Obernolte argued for a balanced federal framework, one that protects against misuse while preserving the entrepreneurial spirit that drives the tech sector. He then hung out a rhetorical help-wanted sign for AI knowledgeable representatives and advisors.

“You are honoring fully half of the computer scientists in Congress tonight,” Obernolte quipped. “That’s not enough. We are underrepresented. We need reinforcements. Please send them to us, because we are embarking on this journey of regulating these technologies. And I don’t have to tell you that Congress isn’t particularly a fast-acting agency…but, unfortunately, that landscape is not very compatible with the landscape of fast-moving innovative technologies like artificial intelligence.

AI’s Speed – and Its Disruption

Ted Lieu (image credit: Stewart Wolpin/TWICE)

Rep. Ted Lieu, Obernolte’s Democratic counterpart on the AI Task Force, focused on the unprecedented pace of change and its broader societal implications.

“AI has been and will continue to be incredibly disruptive, mostly in a good way,” Lieu insisted. “We certainly have to put guardrails on it, because even the most advanced large language model is still hallucinating. But we’re not going to be able to fix it with AI or technology-specific legislation. It’s going to be much broader than that… We just [have to] make sure that when people get something disrupting their lives and maybe fall down, we help them get up again to become good members of society.”

Disruption as a Discipline

Reggie Fils-Aimé (image credit: Stewart Wolpin/TWICE)

From the industry side, former Nintendo CEO Reggie Fils-Aimé offered a complementary perspective, framing innovation not as a singular breakthrough but as an ongoing process.

“Disruption…is a practice, it’s a mindset,” he philosophized. “It’s consistent work across every function of a company, including engineers, marketers, and product leaders. Everyone must feel responsible for changing the status quo in consumer electronics. The companies that win aren’t the ones that innovate once. They’re the ones that build a culture where innovation happens over and over.”

The night’s closing speaker, Alexis Ohanian, Reddit co-founder and venture investor, brought the discussion squarely back to AI, and to what he sees as a defining moment for the country.

“We have these emerging technologies like artificial intelligence, but also things like quantum computing that are going to fundamentally reshape the landscape of our economy, our society, and our national security,” Ohanian remarked. “We have to make sure that Congress does the job of regulating these new technologies the right way.”

One possibly overwhelming challenge is the public’s antagonism toward AI. “AI polls worse than every single individual elected official in America,” Ohanian observed only half in jest while reiterating the need for the U.S. to not only lead in AI, but change the public’s poor perception of the technology. “The fact that it’s technology which so many of us believe could truly change the world in so many profound ways is seen this poorly, is a real threat… [What] will change people’s opinions is the way that we ideally shepherd this technology and show them the value that it can create.”

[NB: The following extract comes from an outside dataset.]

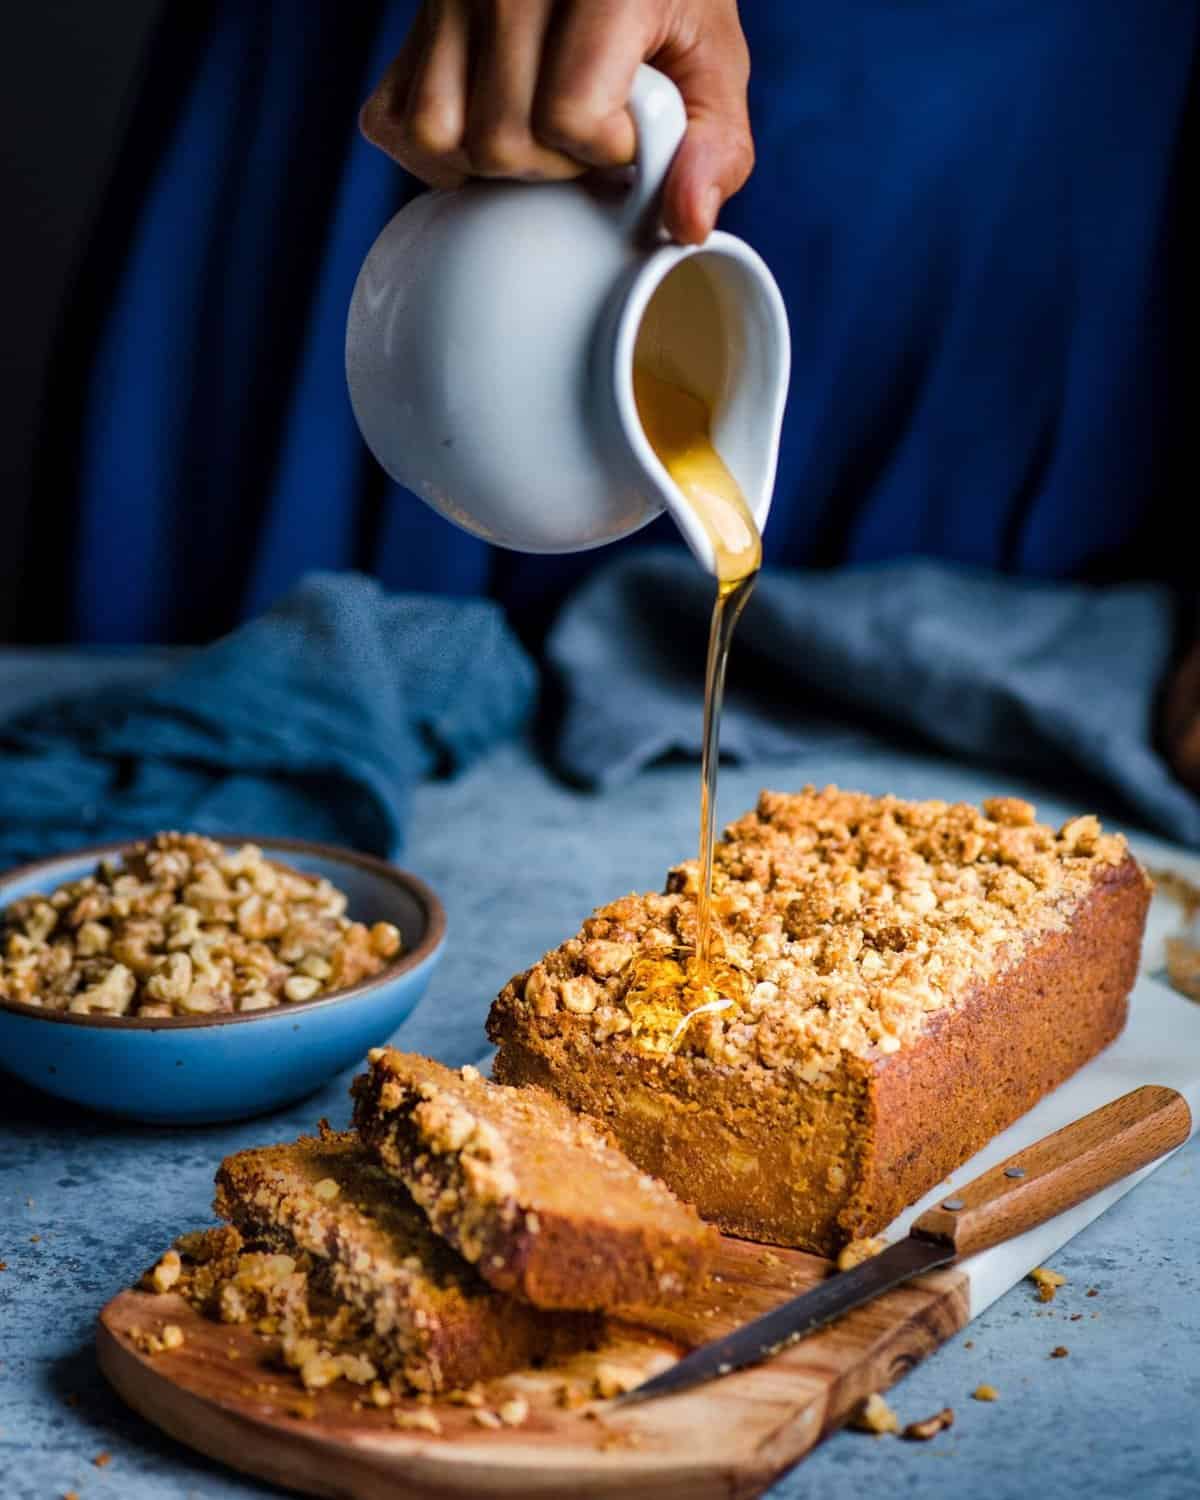 Hand shown to be pouring drizzle over a kabocha squash banana bread with blue backdrops.

Ending on Immigration – and Opportunity

Left to Right: Kinsey Fabrizio, Alexis Ohanian, Michael Petricone, Gary Shapiro (image credit: Stewart Wolpin/TWICE)

Ohanian closed on a more personal note, tying the American innovation story to immigration. He emotionally noted that he, the son of an undocumented immigrant, went on to co-found a multibillion-dollar company employing thousands of Americans.

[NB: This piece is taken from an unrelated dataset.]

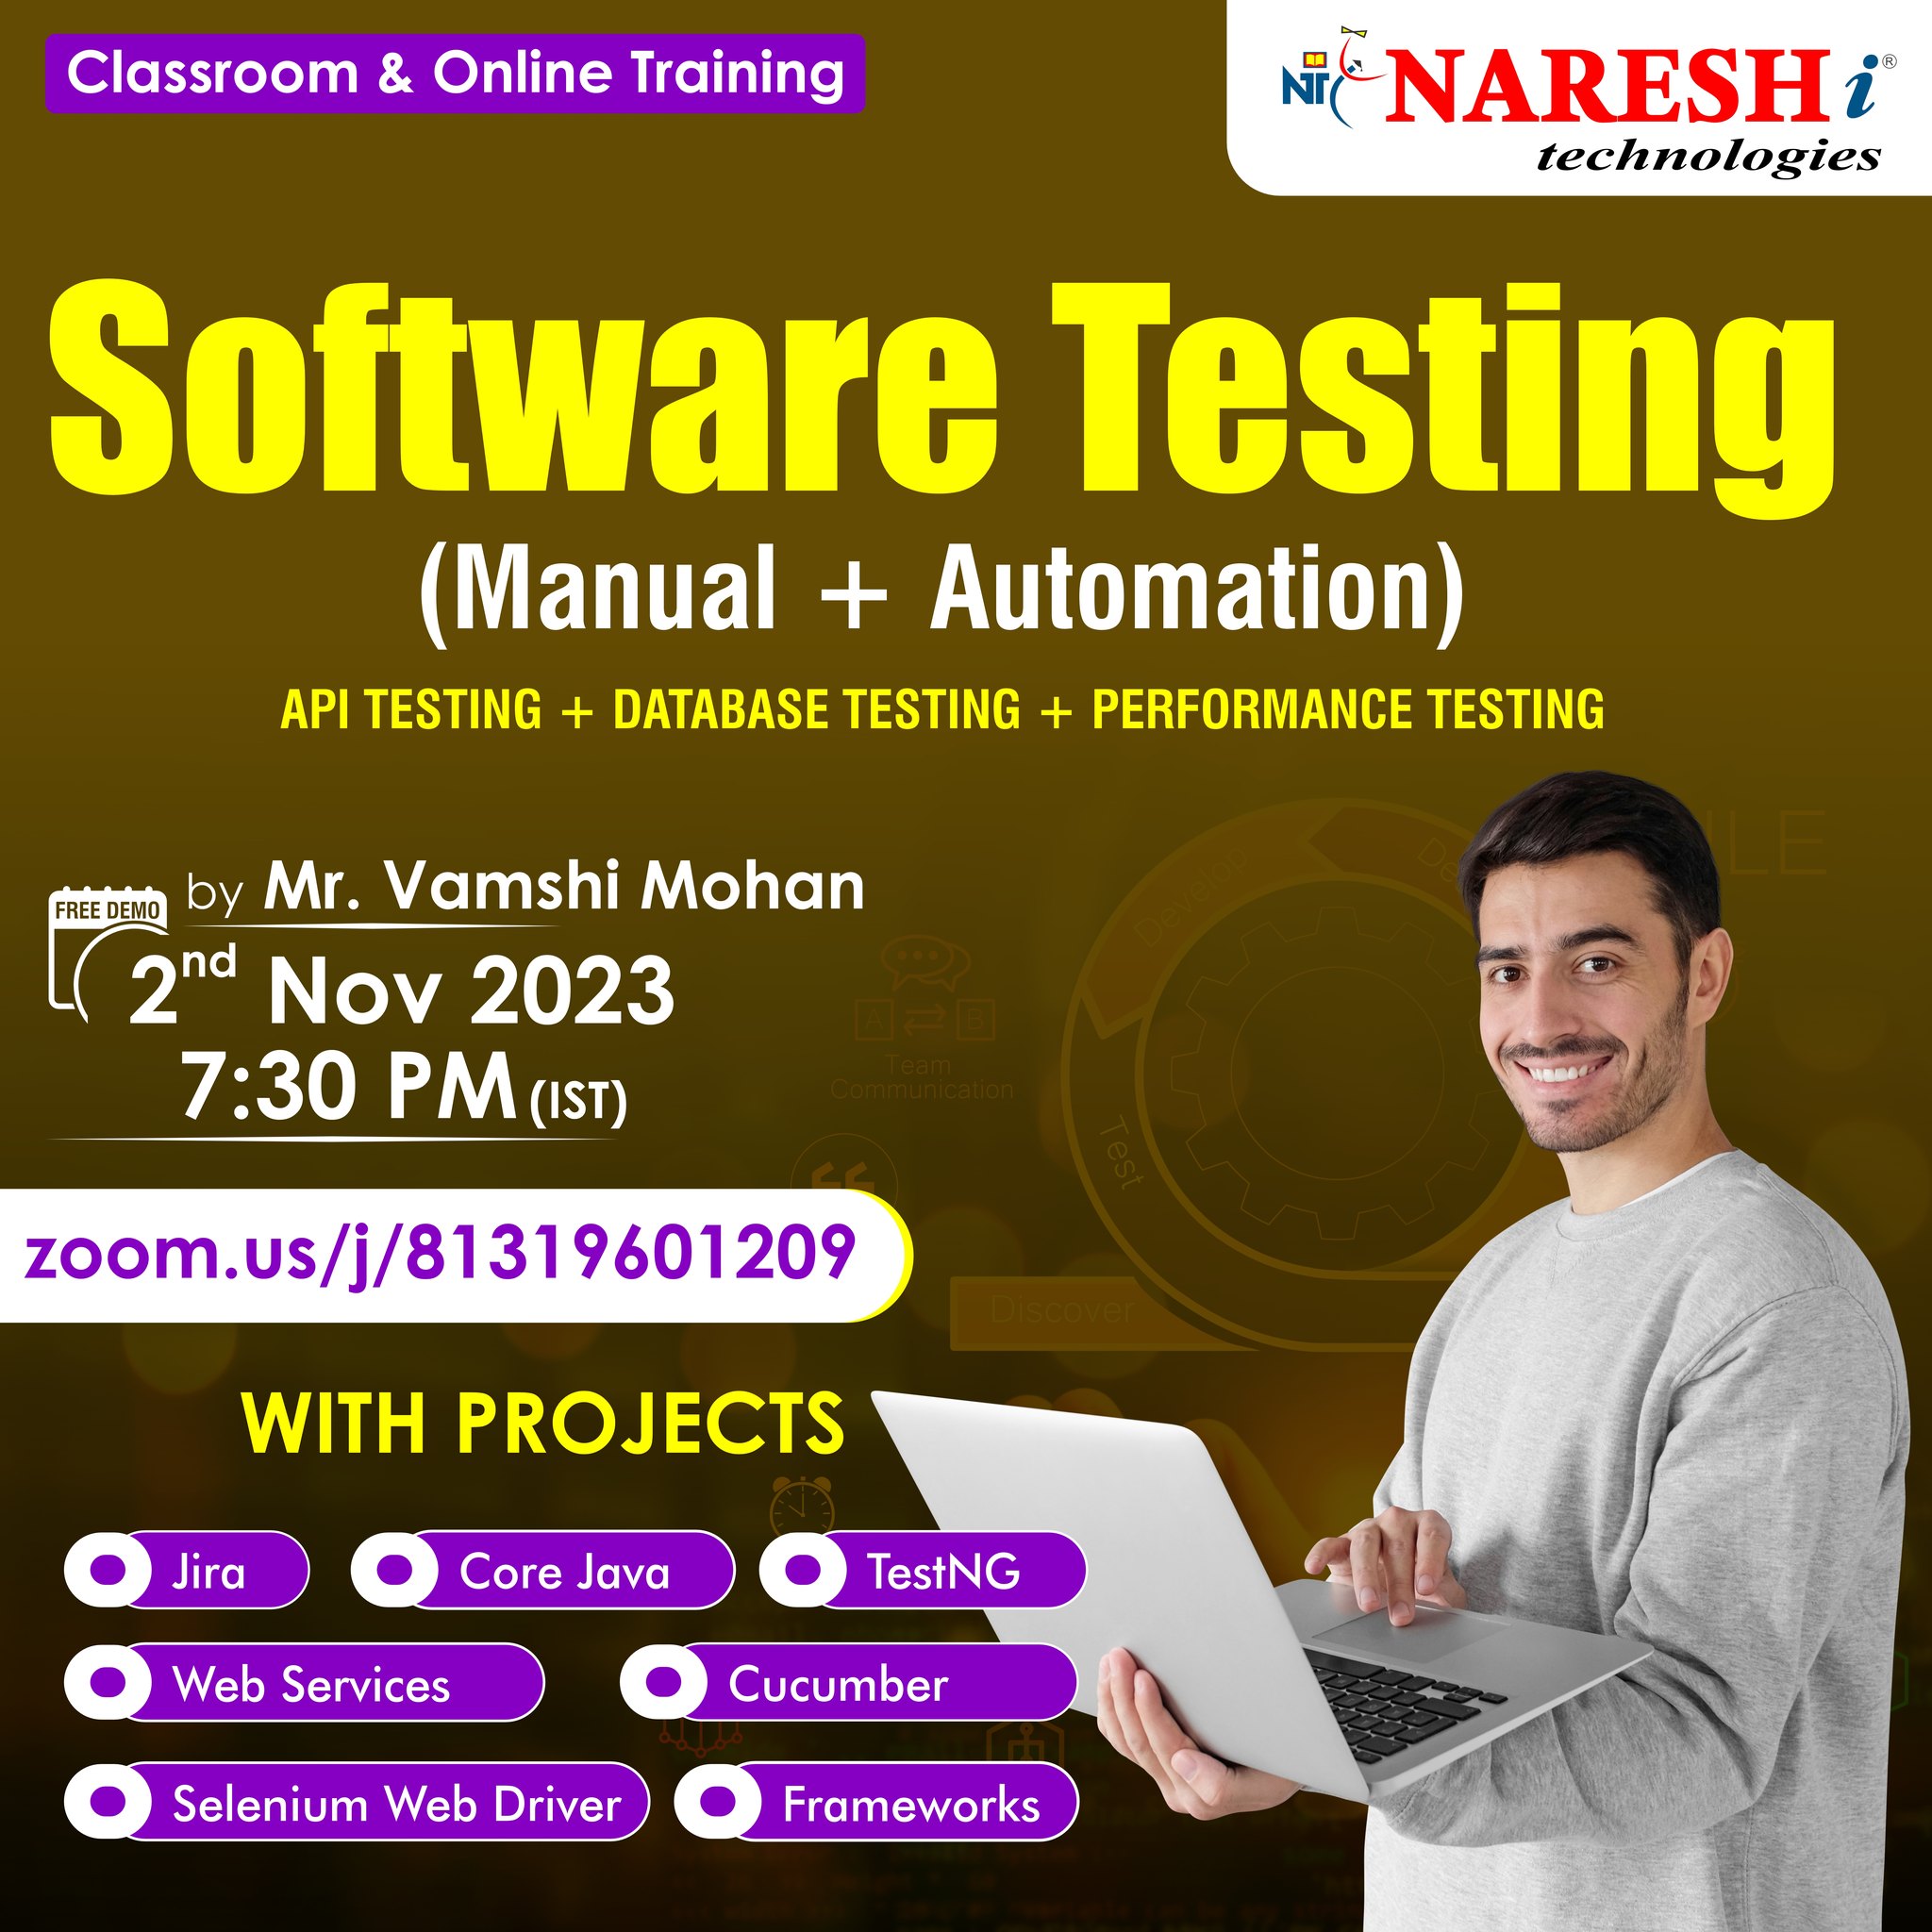 Free Online Demo On Software Testing in NareshIT, Online Event

“This country absolutely needs secure borders,” Ohanian acknowledged. “[But] for so many people who are here, they need a pathway. And please, before we generalize, and before we demonize, and before we villainize, just remember that the people who appreciate this country, often more than those of us who are lucky enough to be born here, like myself, are the ones who had to earn their way in. Let’s not lose sight of that.”